> [To do]:
Would you write out the full listing exactly, without any pictures?

> [Collected data]:
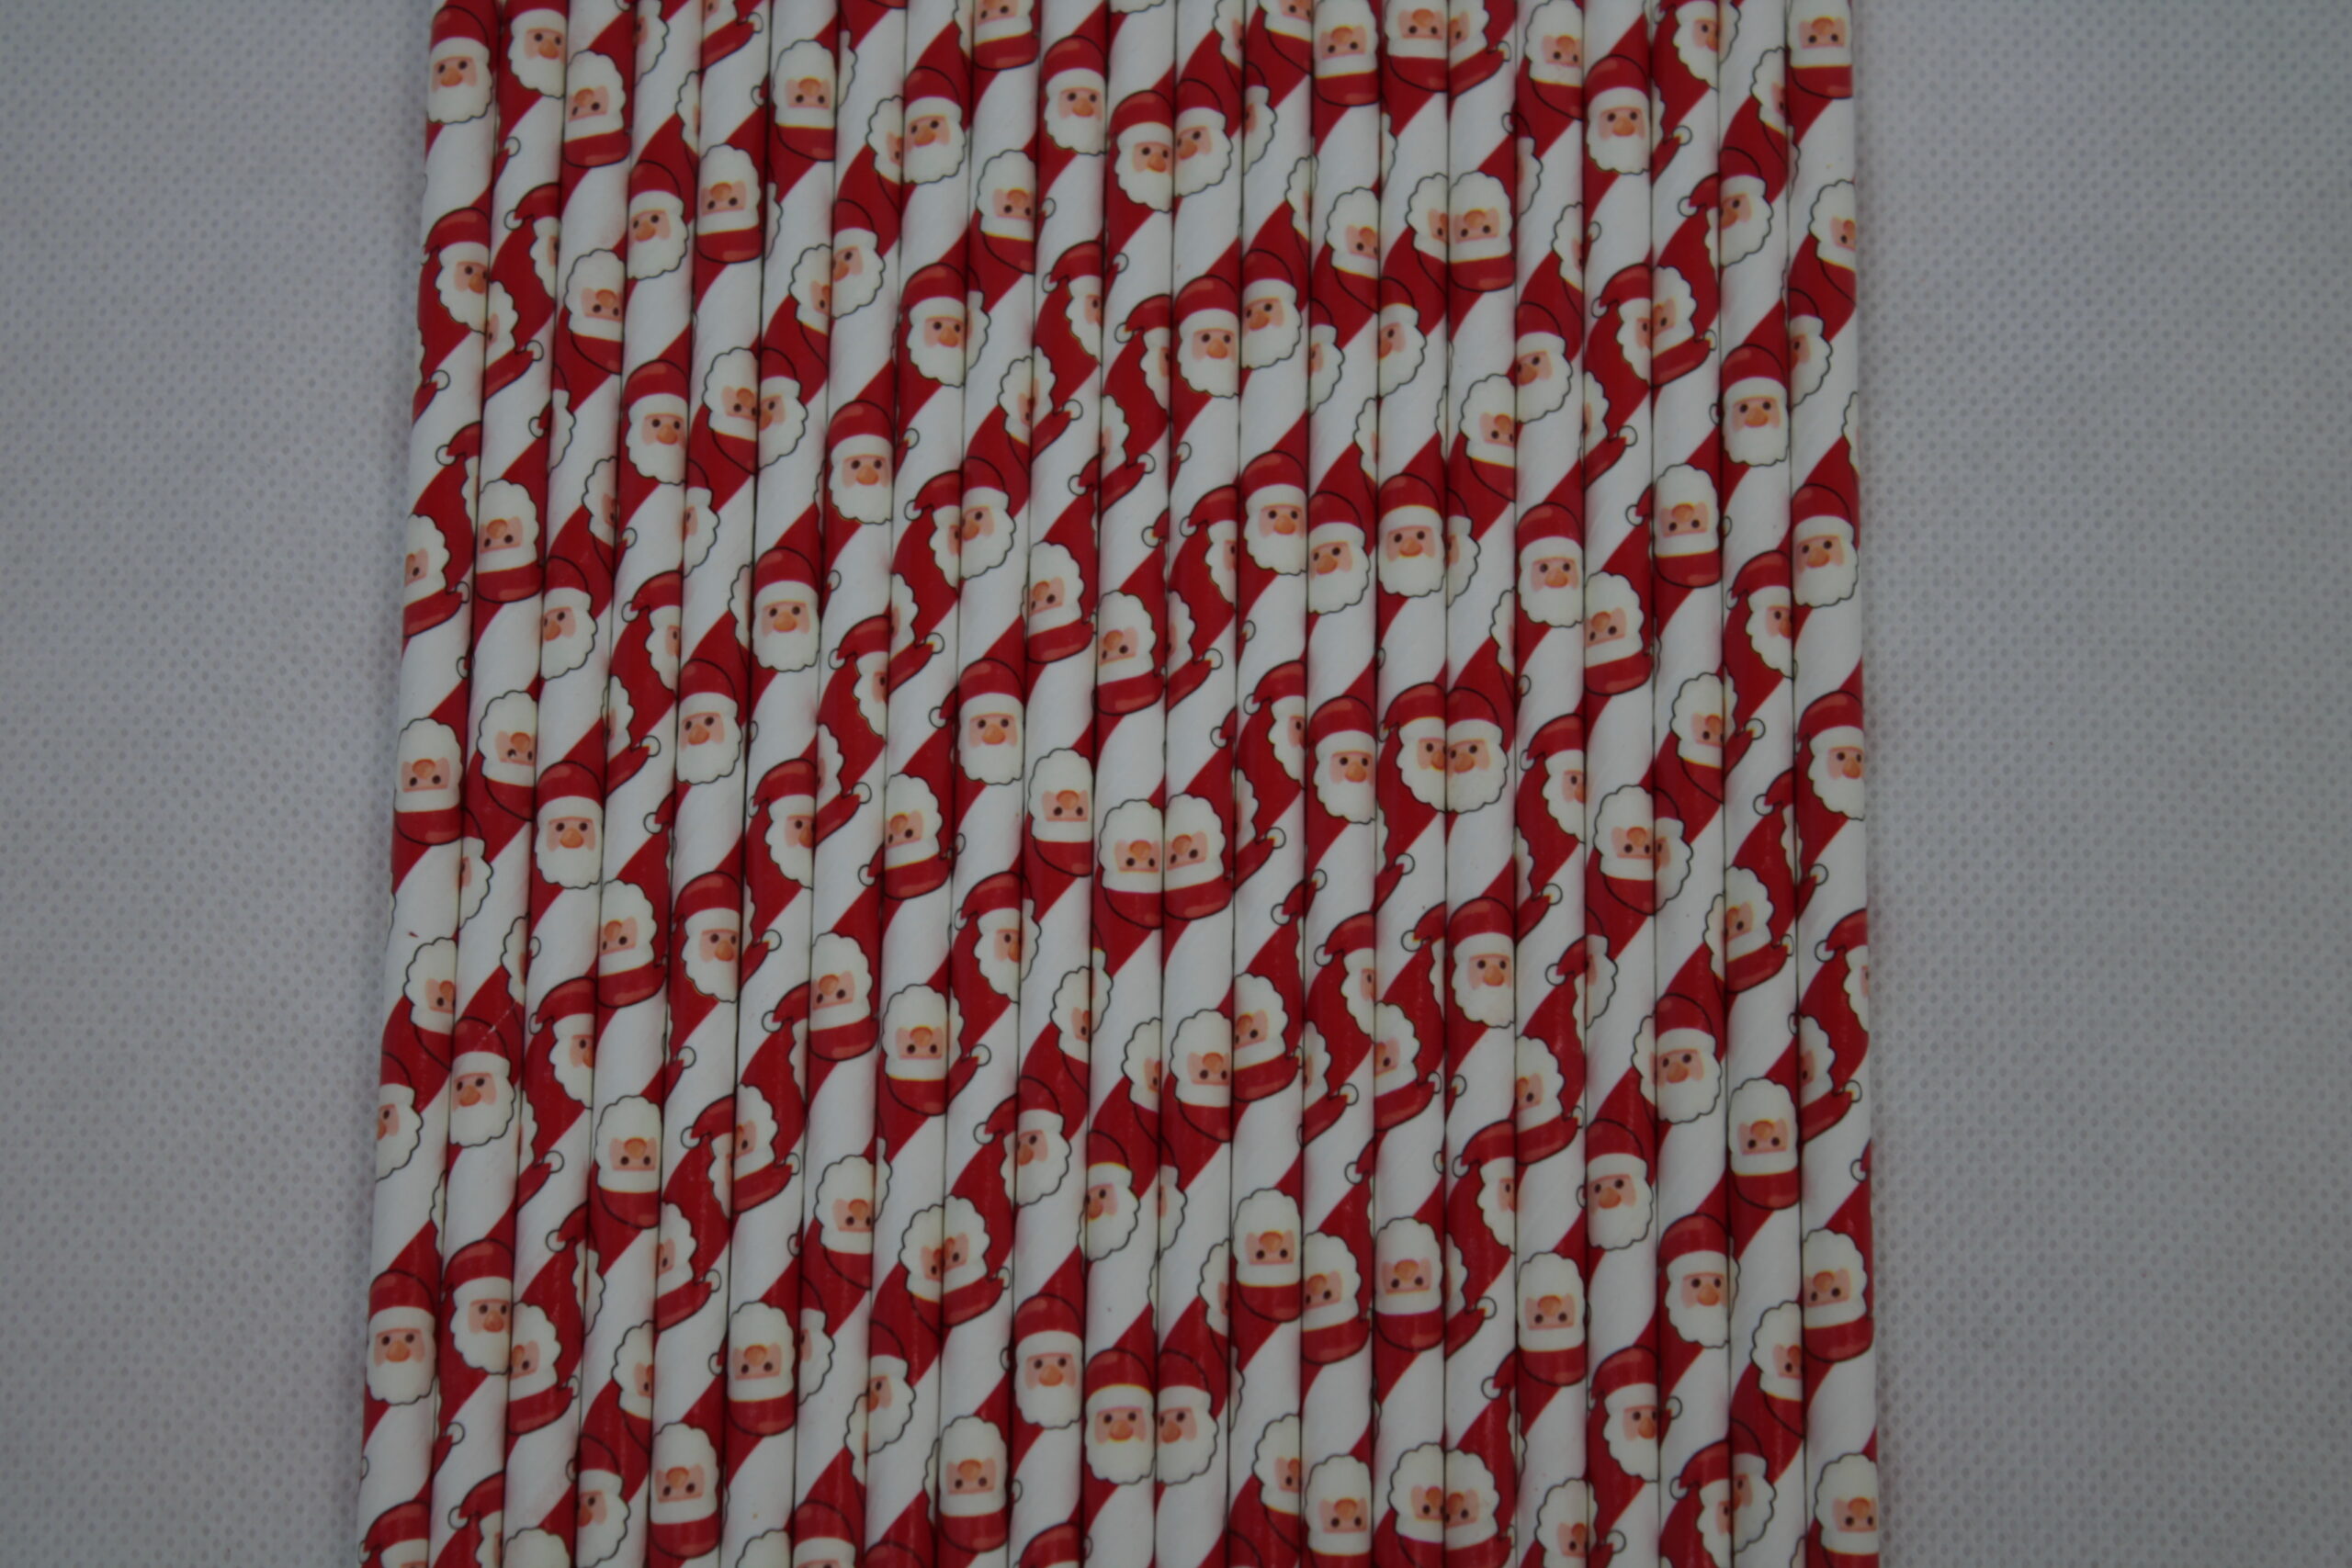 Festive Bespoke Paper Straws

Red Striped Paper Straws with printed Santa faces.
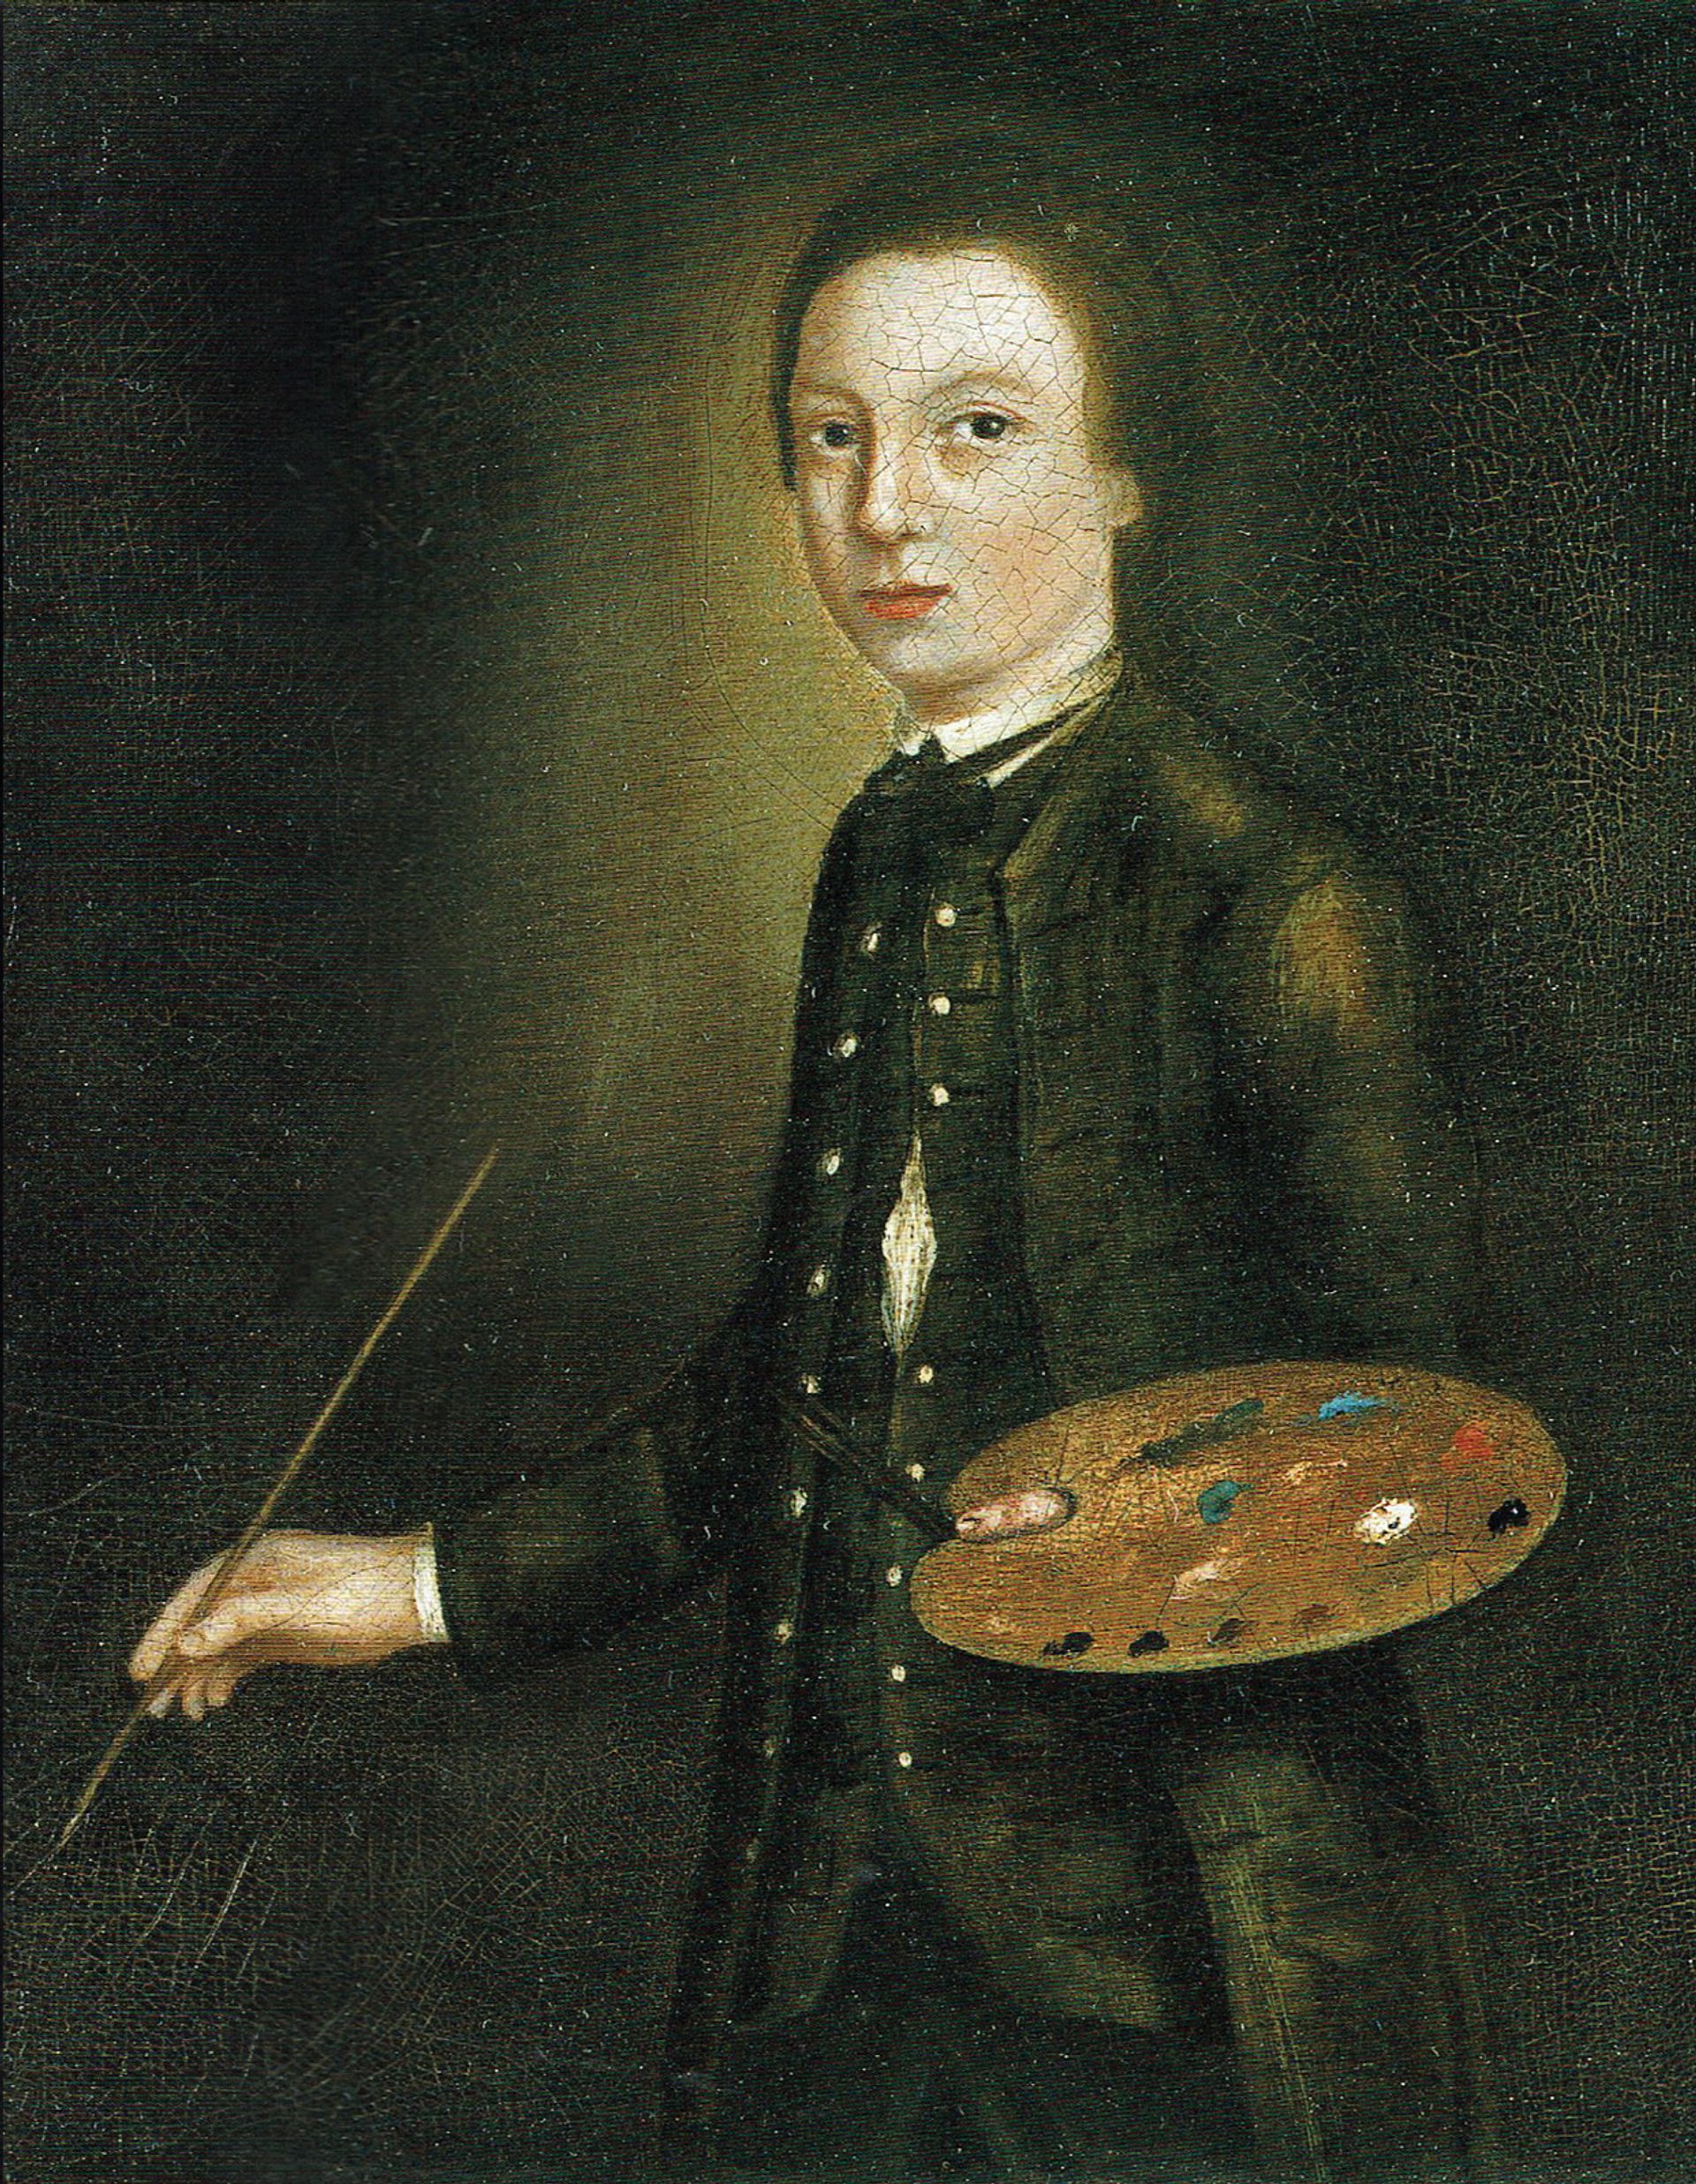 A self-portrait of the artist aged 12 (around 1739-40), attributed to Thomas Gainsborough. Private collection Exhibited in Tate’s 2003 Gainsborough exhibition

> [The completed task]:
 Festive Bespoke Paper Straws

Red Striped Paper Straws with printed Santa faces.
 A self-portrait of the artist aged 12 (around 1739-40), attributed to Thomas Gainsborough. Private collection Exhibited in Tate’s 2003 Gainsborough exhibition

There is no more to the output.